● AVAILABLE DATA
◇ ◇ ◇ ◇ ◇ ◇ ◇

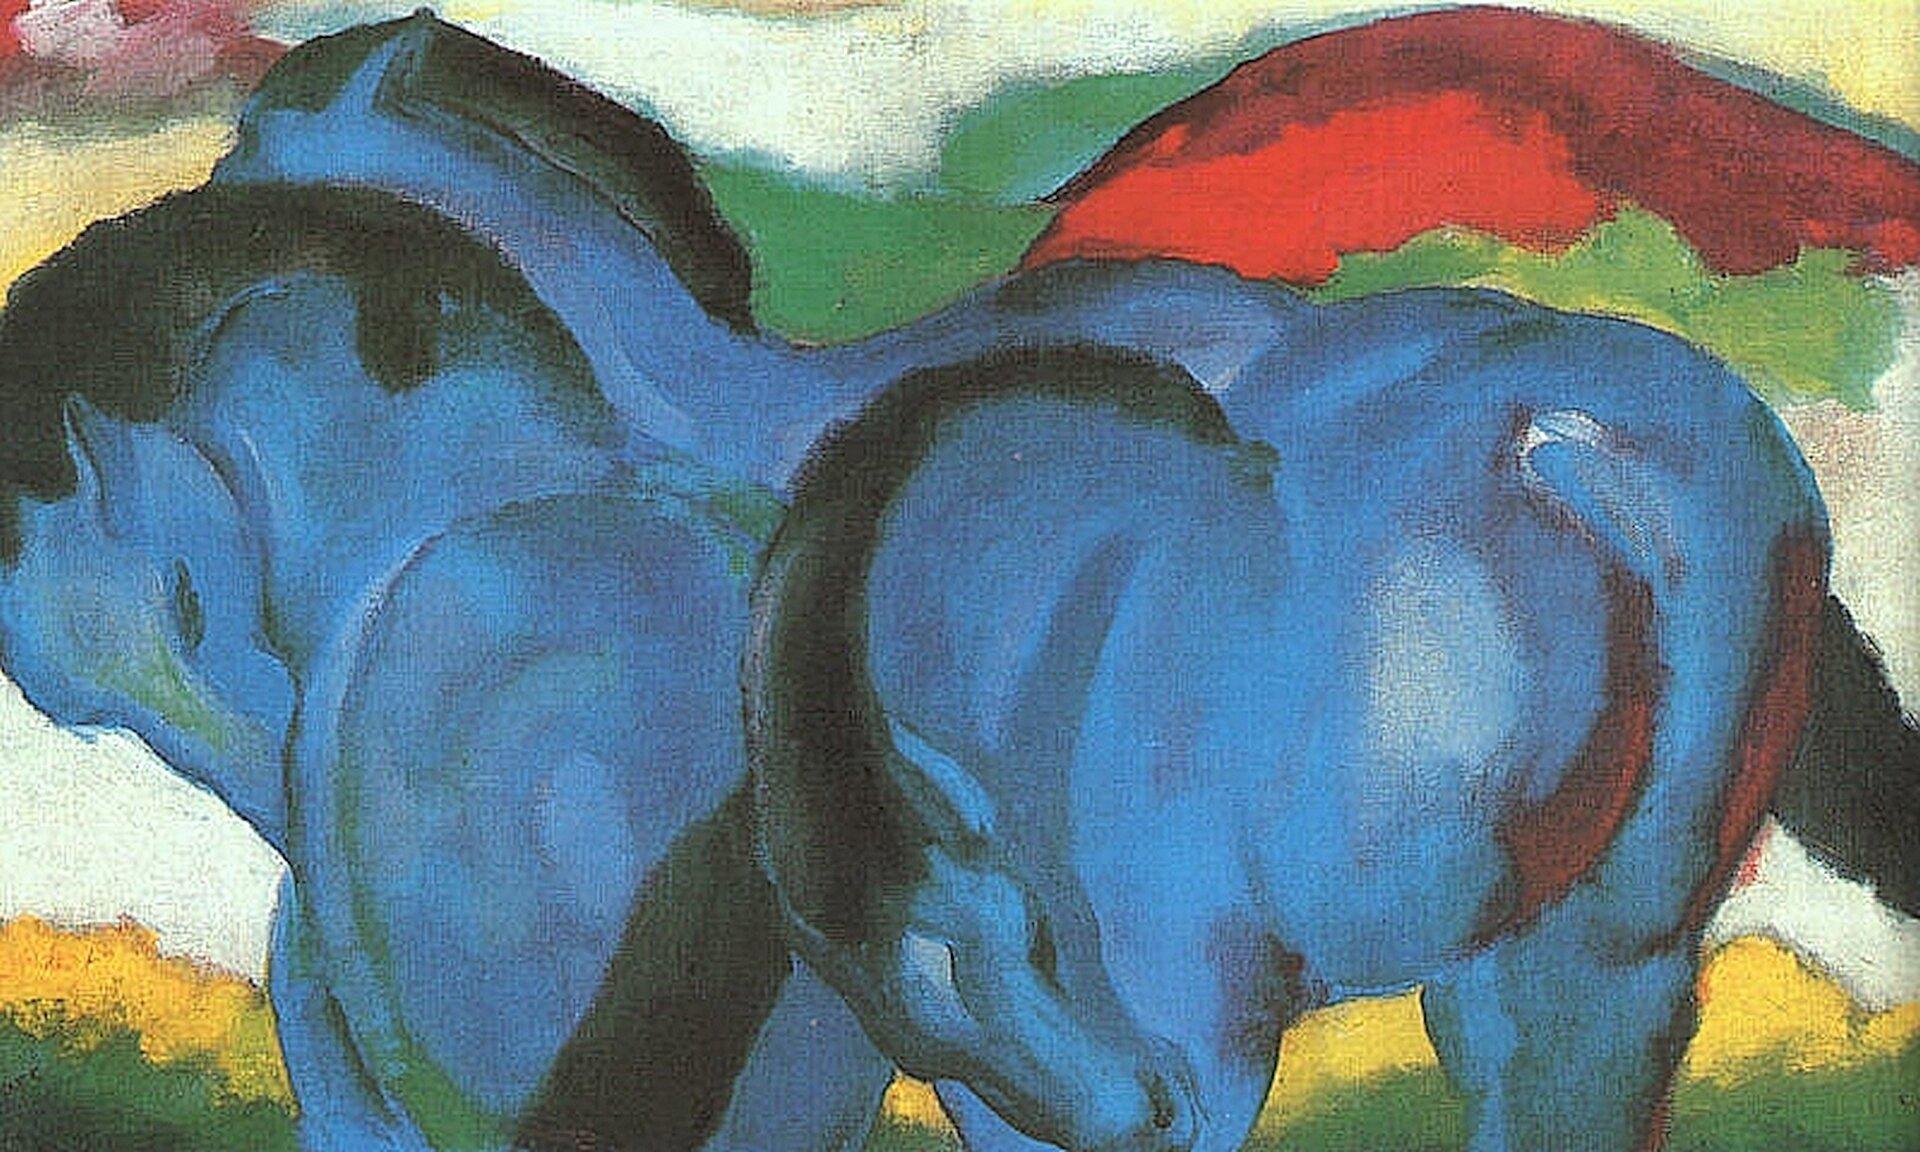 """Ilustracja przedstawia dzieło Franza Marca pt. """"Mały niebieski koń"""". Artysta przedstawił trzy niebieskie konie, które odwrócone są tyłem do odbiorcy. Konie mają czarne grzywy iogony."""
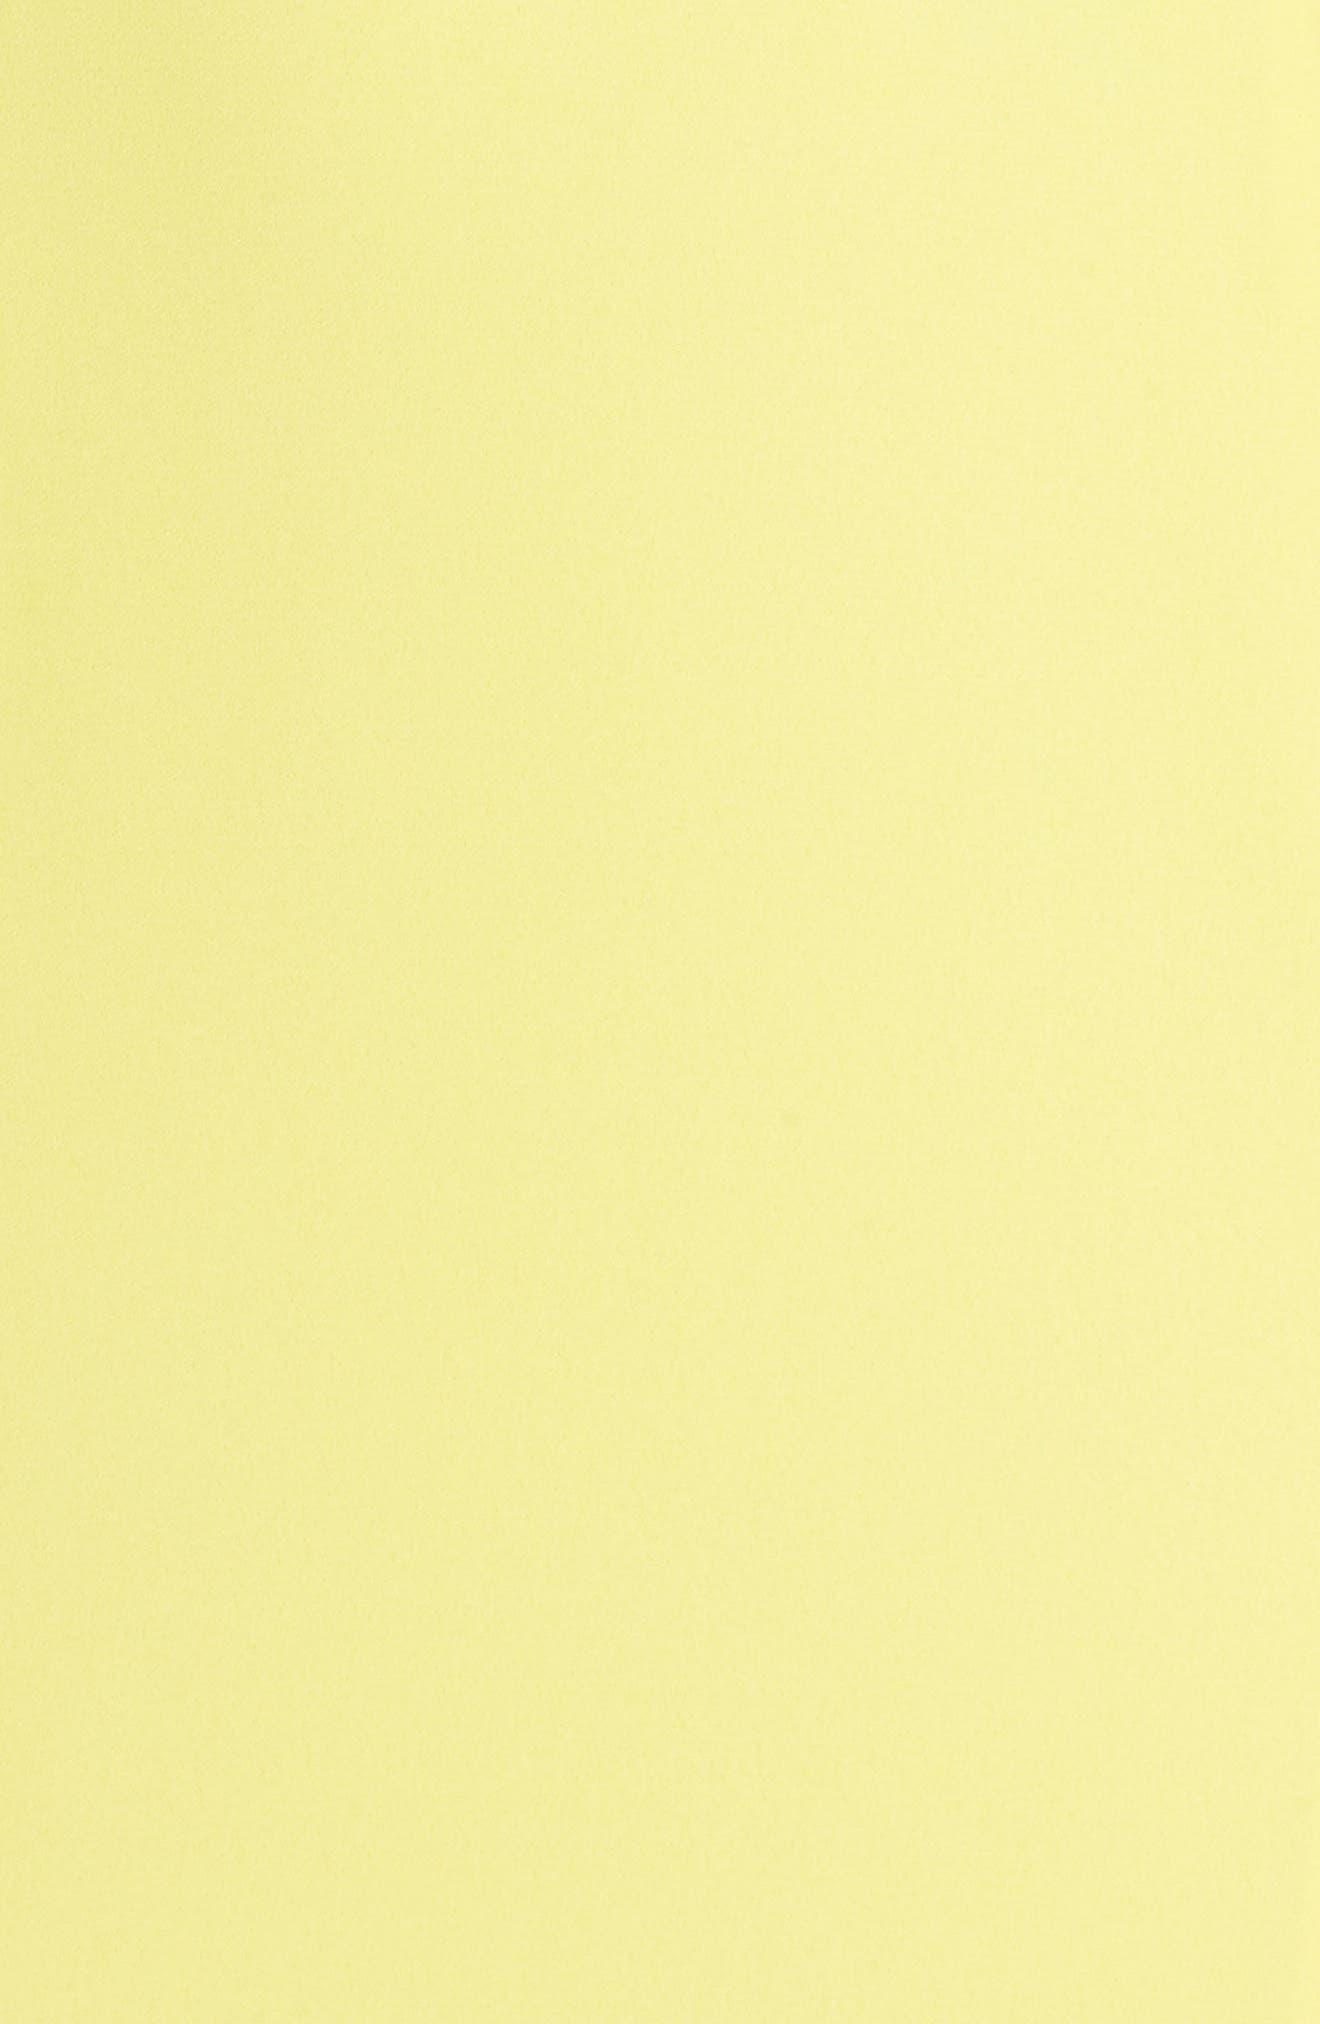 Lara Lace-Up Georgette Gown,                             Alternate thumbnail 6, color,                             Lemon
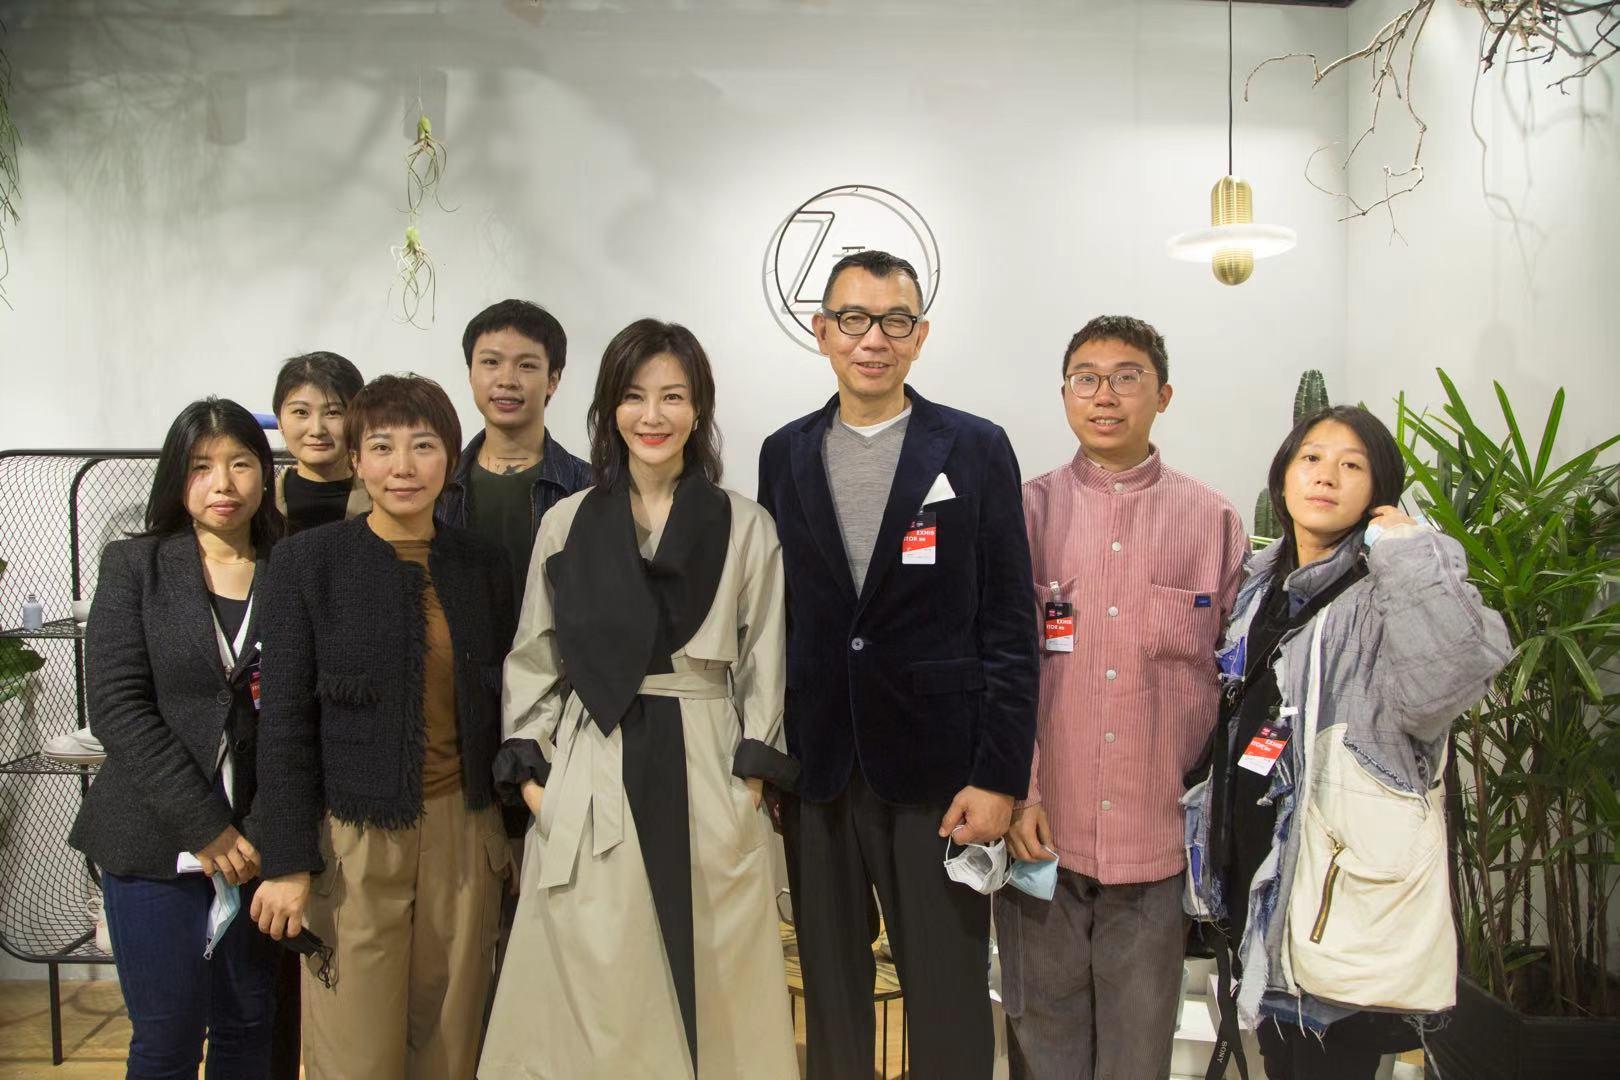 演员刘孜携原创品牌亮相设计上海 与自然共生概念吸睛
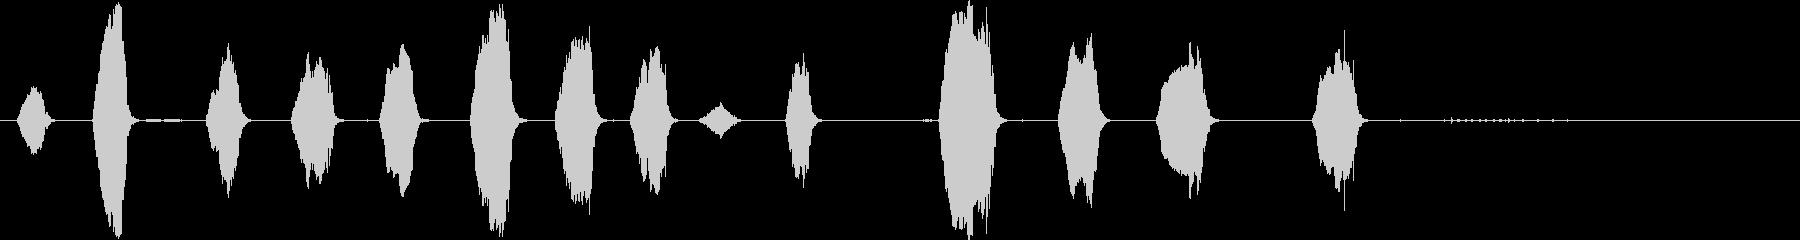 コンゴウインコの呼び出し。多くの短...の未再生の波形

◇ ◇ ◇ ◇ ◇ ◇ ◇

Word for word, please, restate the lines of the listing from the one holding "Lara Lace-Up Georgette" down to the last line, leaving out any pictures.

● ANSWER BELOW
 Lara Lace-Up Georgette Gown,                             Alternate thumbnail 6, color,                             Lemon
 演员刘孜携原创品牌亮相设计上海 与自然共生概念吸睛
 コンゴウインコの呼び出し。多くの短...の未再生の波形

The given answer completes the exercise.